Тут я увидела, что стою среди обломков айсберга: кругом валяются куски льда.
— Подвезти куда-нибудь? Скорее, а то я поеду, не дай бог такая сосулища на машину упадет.
— Спасибо, мне рядом, — отвечаю я.
Воспитанность берет верх над благоразумием. Где я сейчас и что, собственно говоря, находится рядом, в тот момент не понимаю. Еще через минуту, когда машина трогается с места, я жалею, что отказалась от помощи. Сознание постепенно возвращается.
Я шла в библиотеку, как всегда, делать чужую работу: проверять библиографию за своего трутня-шефа. Сегодня ему не повезло. Мысль о делах приводит в чувство. Надо домой, холод на голову, на ноющую ногу и спать.
Довольно бодро шагаю к метро. Почему я сказала, что мне рядом? Отсюда рядом только до того места, где я появилась на свет, — тихого переулка, с той поры сменившего название, в котором так и стоял четырехэтажный родительский дом, давно ставший офисным зданием.
Есть выражение: отшибло память. А если наоборот? Я так и слышу звон трамвая, доносящийся из открытого окна, на котором то надувается парусом, то безвольно опадает легкая тюлевая занавеска. Понимаю: это мое первое детское воспоминание…

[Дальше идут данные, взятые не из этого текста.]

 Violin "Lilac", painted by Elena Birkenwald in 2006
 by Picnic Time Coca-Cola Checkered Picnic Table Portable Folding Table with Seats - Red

В голове немного ломит от ледяной упаковки цветной капусты, которую, вытащив из морозильника, прижимаю к затылку. Я знаю дом, но не знаю ни этажа, ни куда выходили окна, ни сколько было соседей. Маму аж передергивало — «это кошмарное время в коммуналке», которого я не могла помнить, потому что мы переехали, когда мне было полтора года. Зато бабушка, папина мама, любила рассказывать, как в большой квартире наряжали одну на всех елку, какие были лепные украшения на потолке… Все вздыхала, что, наверное, нет уже на стеклянной филенке двери, ведущей в ванную, росписи, где ласточки сидят на проводах, как ноты на линеечке. Я много раз просила показать мне эту дверь, но у бабушки болели ноги, она ходила с палочкой — тук-тук, тук-тук, так мы туда и не выбрались.
Я задремала, и во сне мне щебетали белогрудые птички…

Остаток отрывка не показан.